Doctors usually diagnose actinic keratoses by performing a thorough physical examination, through a combination of visual and touching observations. However, a biopsy may be necessary when keratosis is large, thick, or bleeding, to ensure that lesions are not skin cancer. Actinic keratosis and squamous cell carcinoma (SCC) may be present simultaneously on physical examination, and many scientists argue that they are actually just different stages of the same condition. In addition to SCC, AK may be misinterpreted for other skin lesions including seborrhoeic keratosis, basal cell carcinoma, lichenoid keratosis, porokeratosis, viral warts, skin inflammation, or melanoma.

Biopsy

A lesion biopsy is performed if the diagnosis remains uncertain after clinical physical examination. The most common tissue sampling techniques include shaving or perforating the biopsy. When only partial lesions can be removed due to size or location, the biopsy should take tissue samples from the thickest area of ​​the lesion, since SCC is most likely detected in the area.
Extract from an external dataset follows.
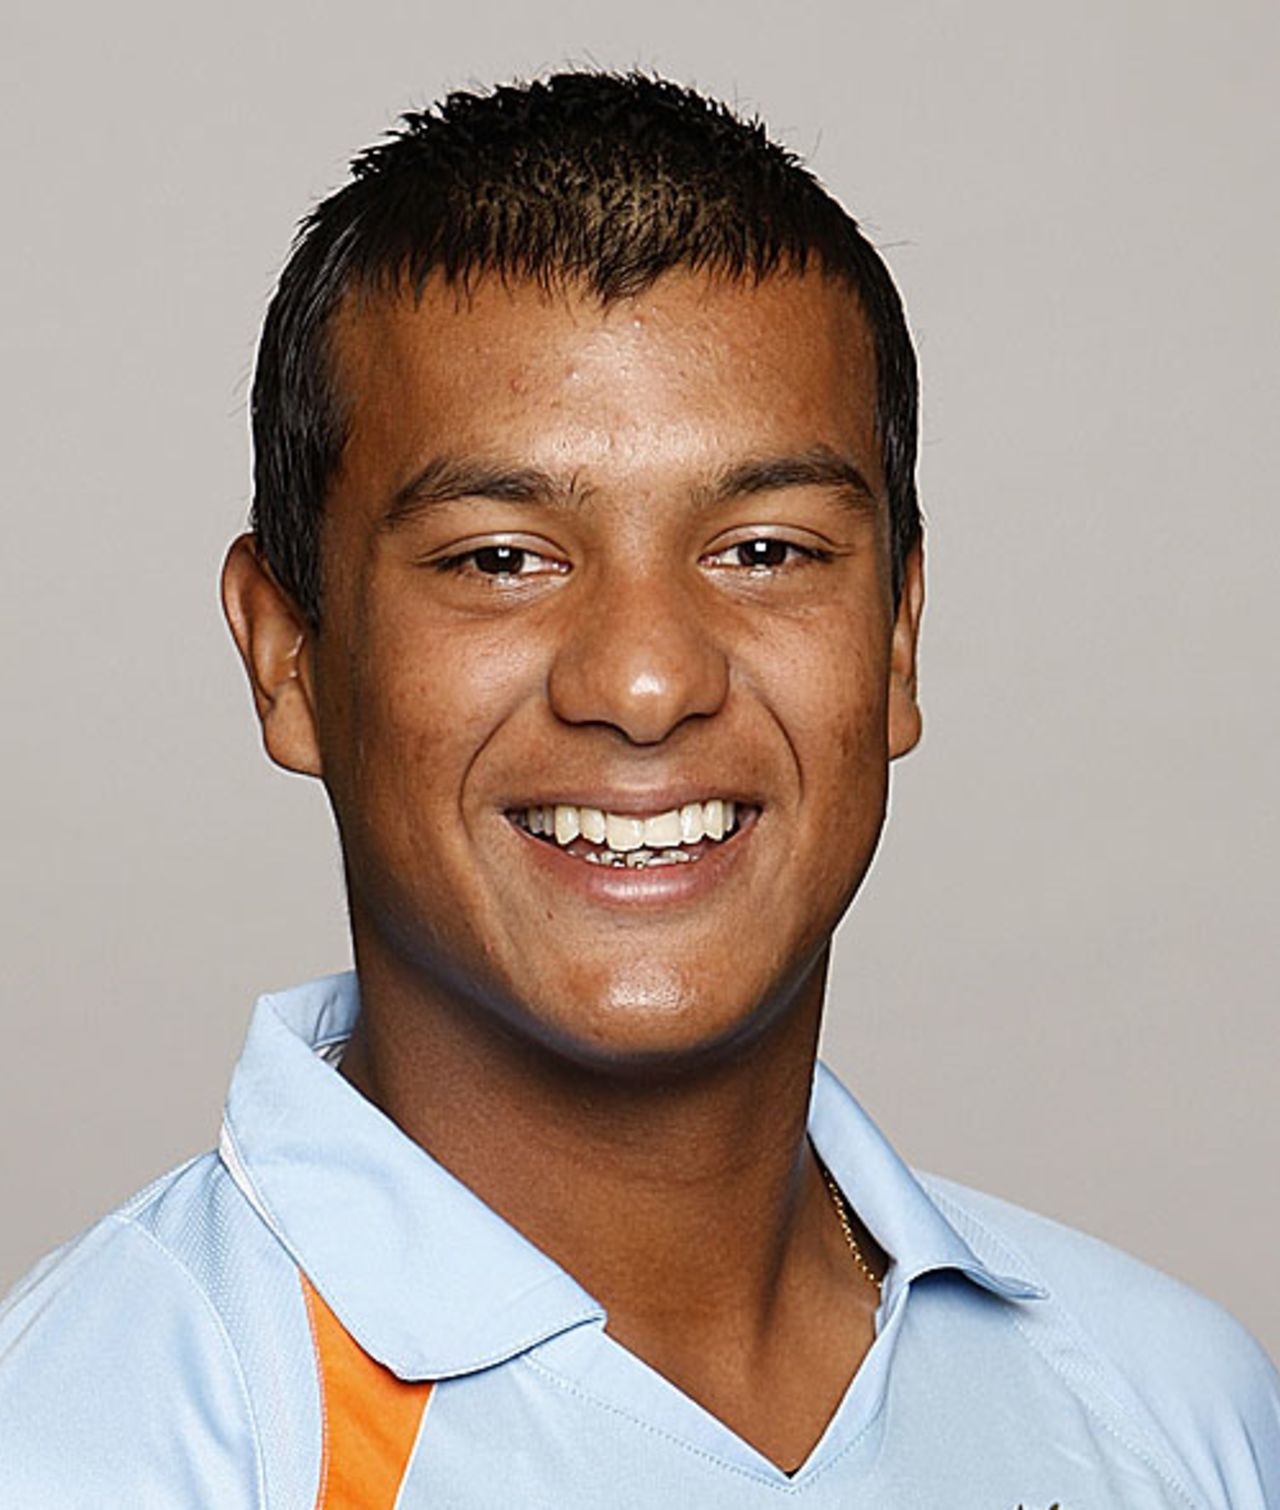 Mayank Agarwal, player portrait

If shaving biopsy is performed, it should extend to the dermis level to provide adequate tissue for diagnosis; ideally, it will extend to the mid-reticular dermis. The punch biopsy usually extends to subcutaneous fat when the entire length of the punch blade is used.

Histopathology

In histologic examinations, actinic keratoses usually show a collection of atypical keratinocytes with hyperpigmented or pleomorphic nuclei, extending into the basal layer of the epidermis. A "flag sign" is often described, referring to the orthokeratosis region and the alternating parakeratosis. Epidermal thickening and surrounding areas of sun-damaged skin are often seen. Regular regular irregular keratinocyte maturation to varying degrees: there may be widespread intracellular space, cytological cytology such as large abnormal nuclei, and mild chronic inflammatory infiltration.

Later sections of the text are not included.